The functions are called with parameters that specify the options available for the barcode:
Code – a pointer to an integer that specifies the barcode type:
|
Code parameter |
Symbol type |
|
0 |
PDF417 barcodes |
|
1 |
MicroPDF barcodes |
|
2 |
Truncated PDF417 |
szIn – is a pointer to a string containing the bytes used as data to create the barcode. While passed as a text string, the string can contain non-text bytes (including ASCII 0) provided that the length parameter (n) is used to specify the length of the data. If n is 0, then the string is assumed to be a null-terminated ASCII string.
n – a pointer to an integer which is either 0 or specified the length of the data in szIn.

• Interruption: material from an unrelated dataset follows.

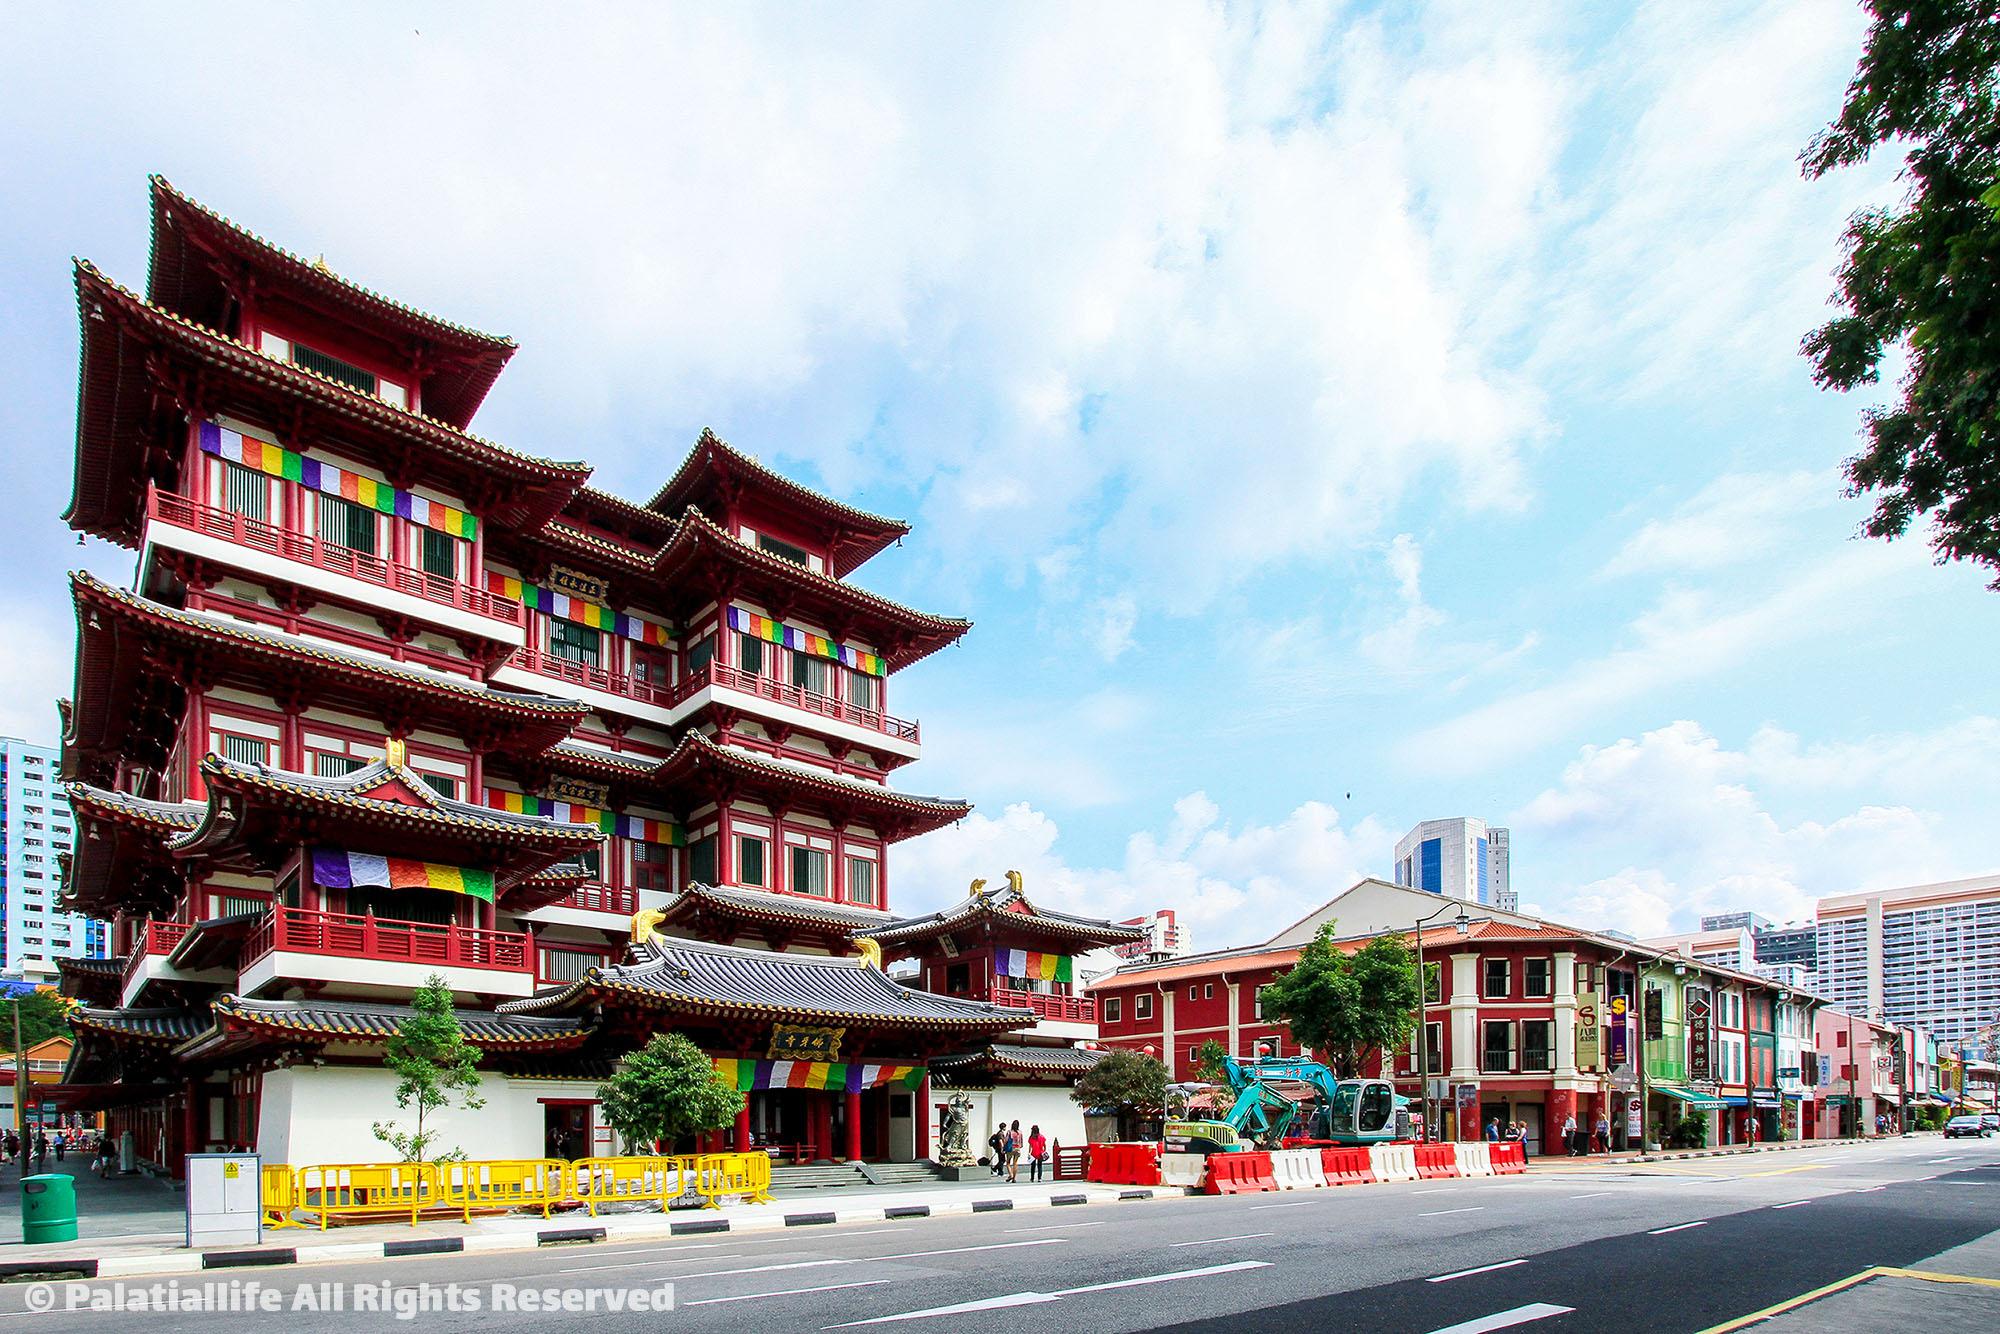 ดพระธาตุเขี้ยวแก้ว (Buddha Tooth Relic Temple)  สิงคโปร์ เที่ยวเตร็ดเตร่ไปตาม 5 ย่านยอดฮิตที่ไม่ควรพลาด IMG 9498

columns – a pointer to an integer which specifies the number of codeword columns in the barcode pattern generated. Allowed values are 0 – 100. For PDF417 values less than 3 are ignored. For MicroPDF only values 1 – 4 are permitted.
level – a pointer to an integer specifying the security level of the barcode generated. Allowed values are shown in the table above.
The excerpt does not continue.